On Sunday, January 27, the NFL claimed in a court filing that commissioner Roger Goodell does not have the authoritative power to demand a replay of last week’s NFC Championship matchup between the Los Angeles Rams and the New Orleans Saints. The court filing also made it clear that all decisions made by referees are final.
The NFL issued this filing as a response to two individual lawsuits on behalf of Saints’ season ticket holders and the entire Who Dat Nation.
These lawsuits arose after fans of the Saints and football itself were appalled by the infamous non-call which eventually led to a Rams’ victory and a Super Bowl berth.
Following the heartbreaking loss, a report surfaced from the NFL rulebook saying that Goodell has the authority to take corrective action if a “calamity” occurs that is so “extraordinarily unfair or outside the accepted tactics in professional football”.
Despite this rule, the league determined in their filing that the non-call, which may have cost the Saints the game, does not fall into this category. The filing says that no game in NFL history has ever been replayed.

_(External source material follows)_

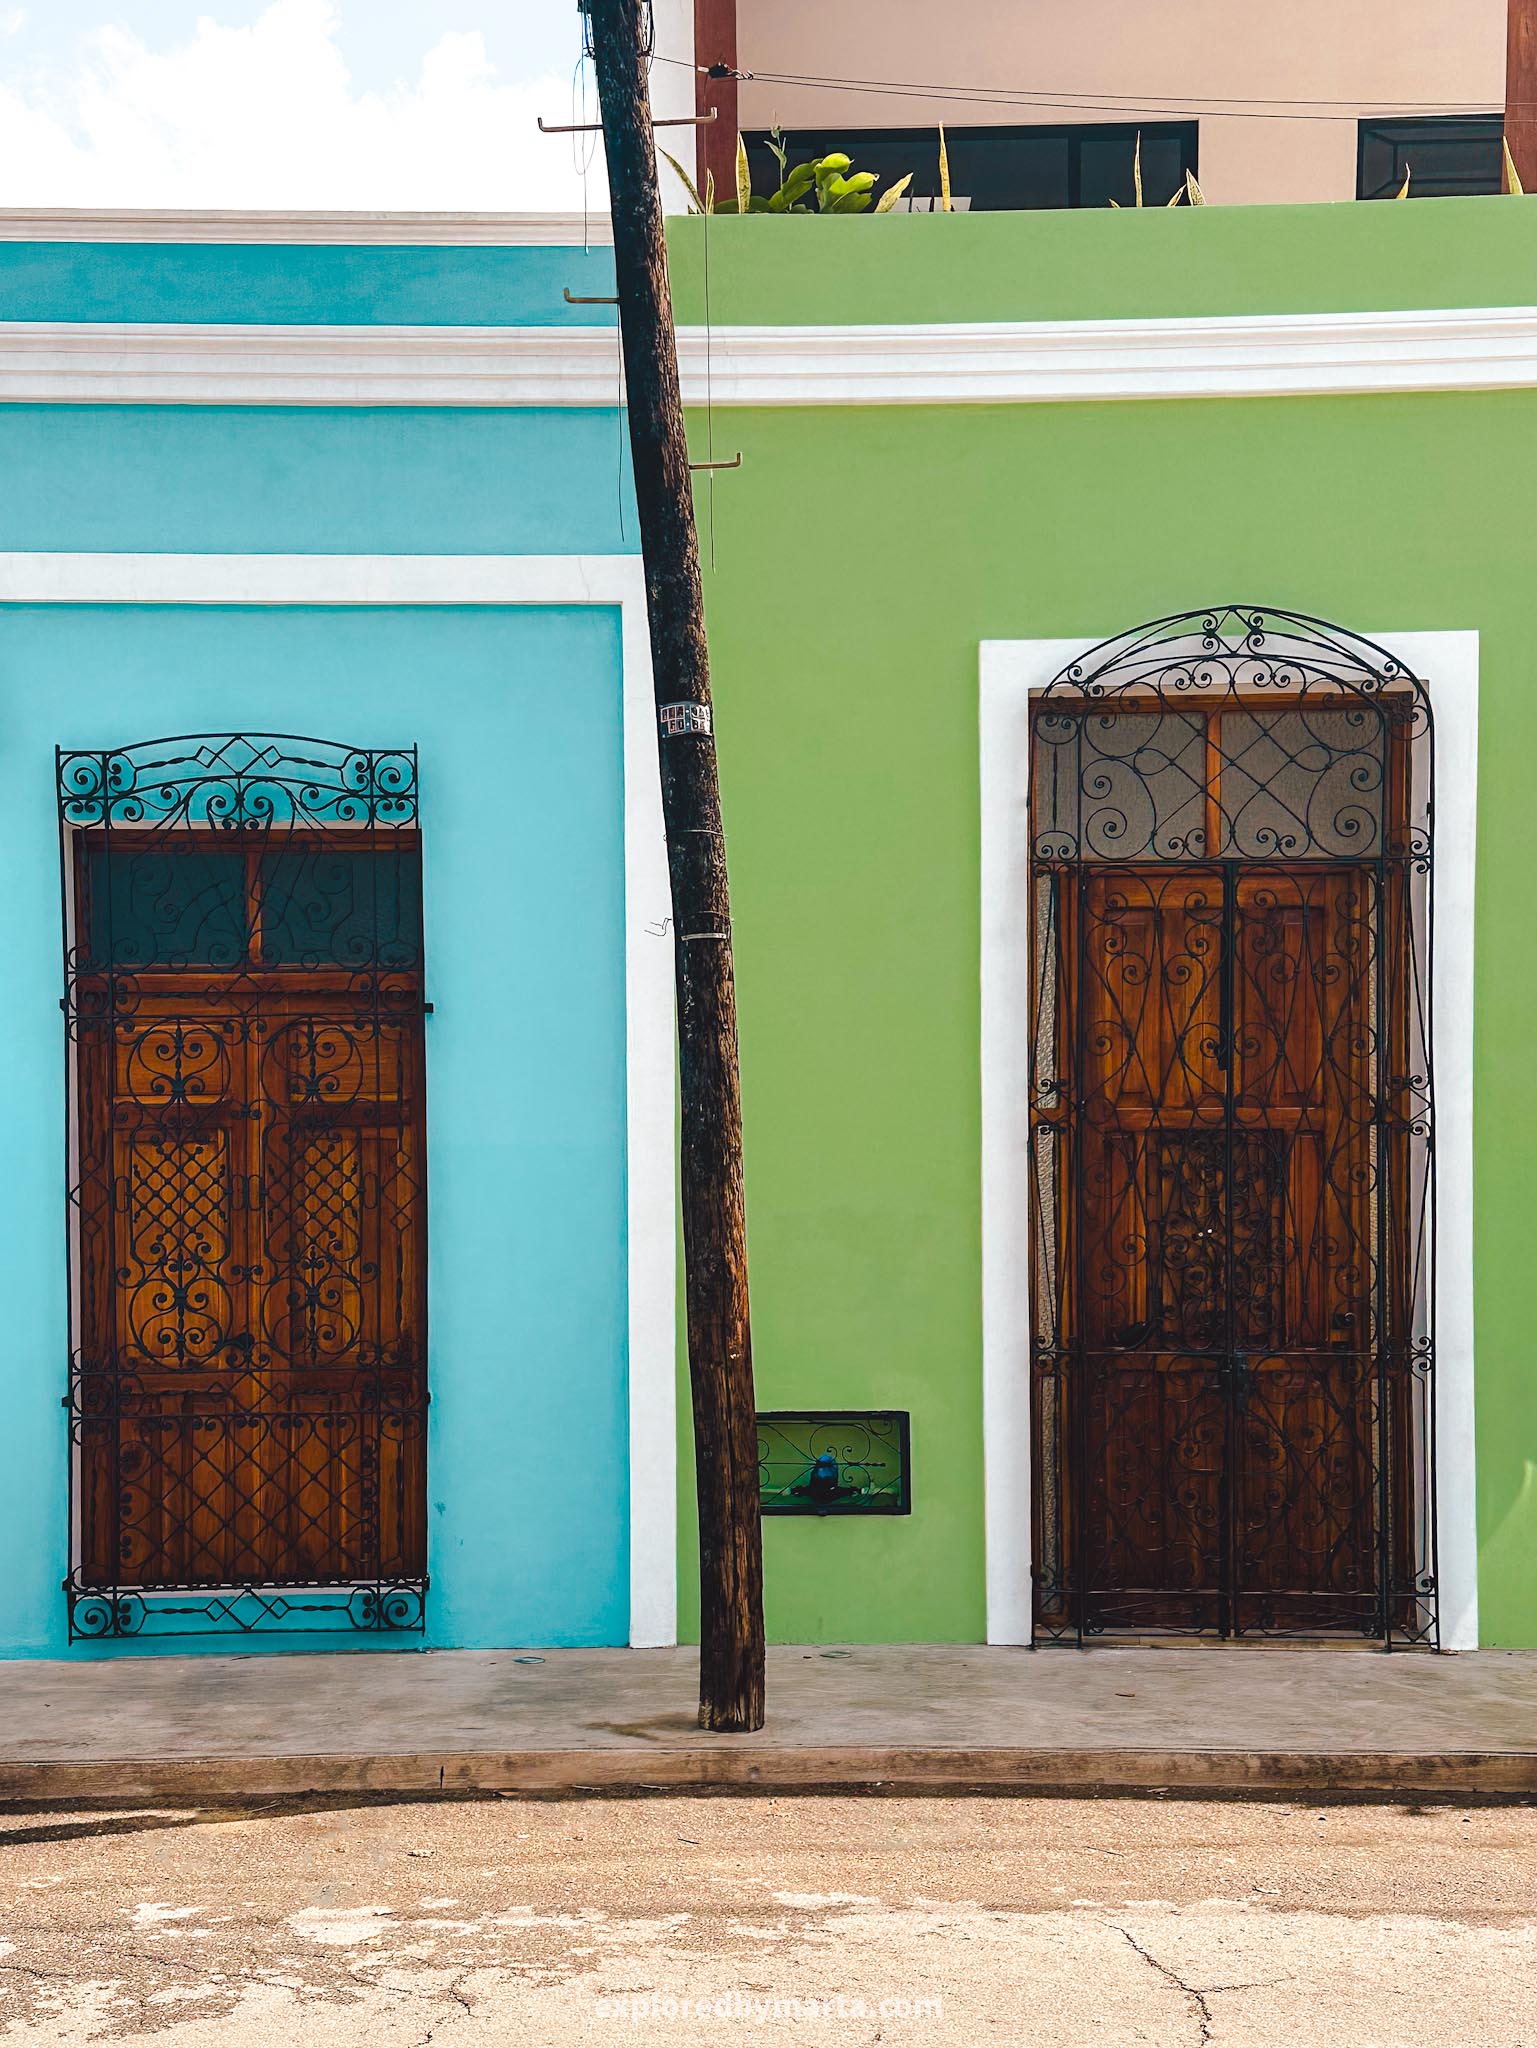 Merida, Mexico-best Instagram spots in Merida - colorful houses on Calle 64 street

The filing also claims that replaying the NFC Championship game would open up the door in the future for similar lawsuits to be filed if fans are disgruntled over a referee’s call or lack thereof.

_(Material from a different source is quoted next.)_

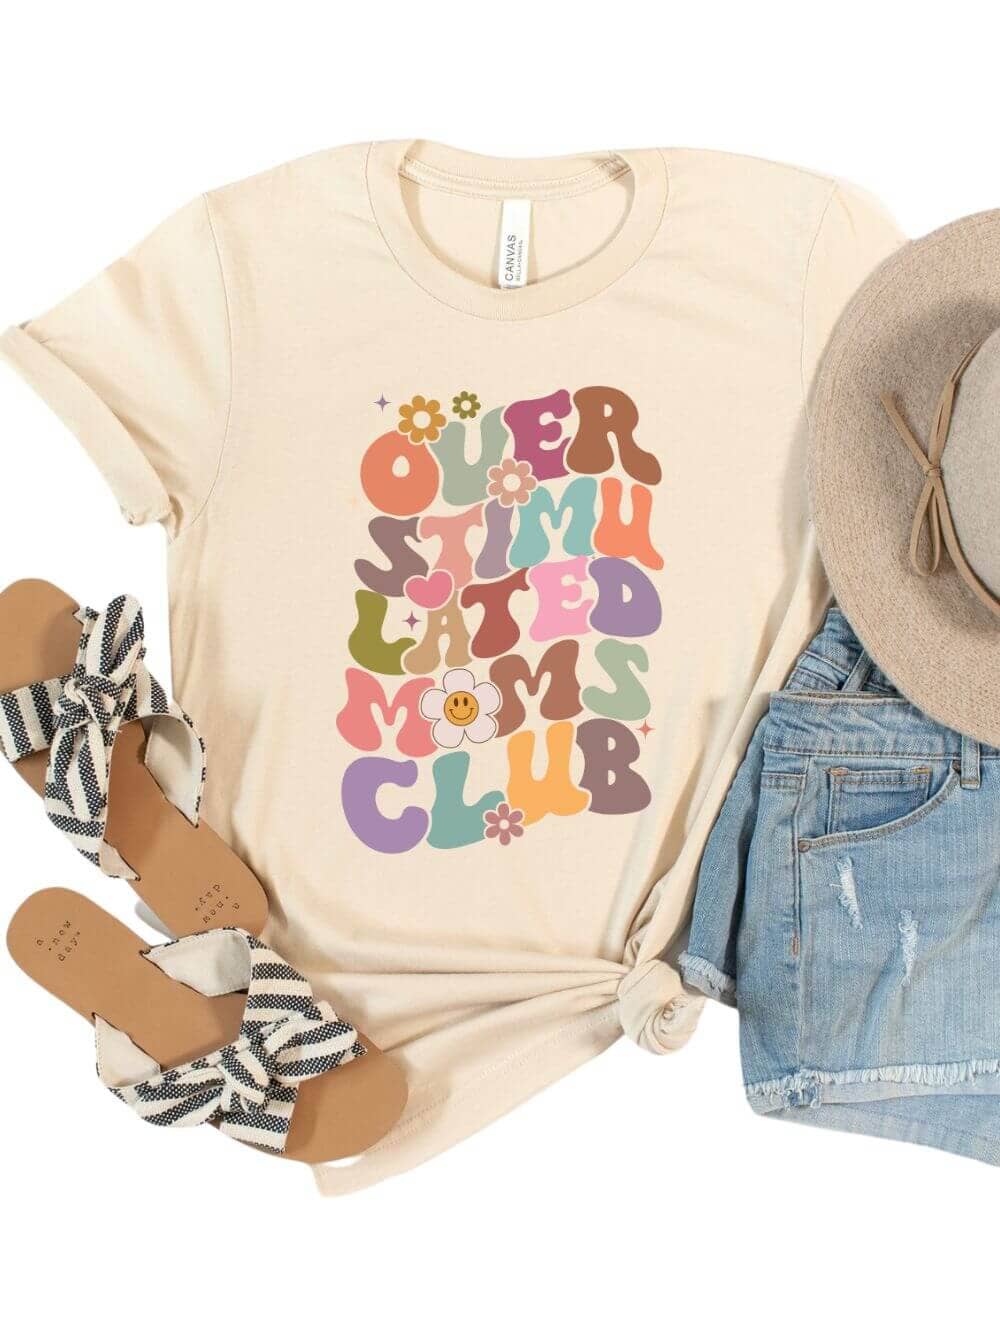 Overstimulated Moms Club Women's Retro Graphic T-Shirt - Sydney So Sweet

In a previous response filed on Friday, January 25, the NFL claimed that replaying the NFC Championship would generate an expensive delay in regards to the Super Bowl which is scheduled for February 3 and is to be played between the Rams and the New England Patriots.
The NFL seemingly will not budge in favor of the Who Dat Nation in this particular case. Fans and players alike will likely be hoping for a rule change to be implemented during the offseason so that no team or fan base should ever have to deal with such an issue in the future.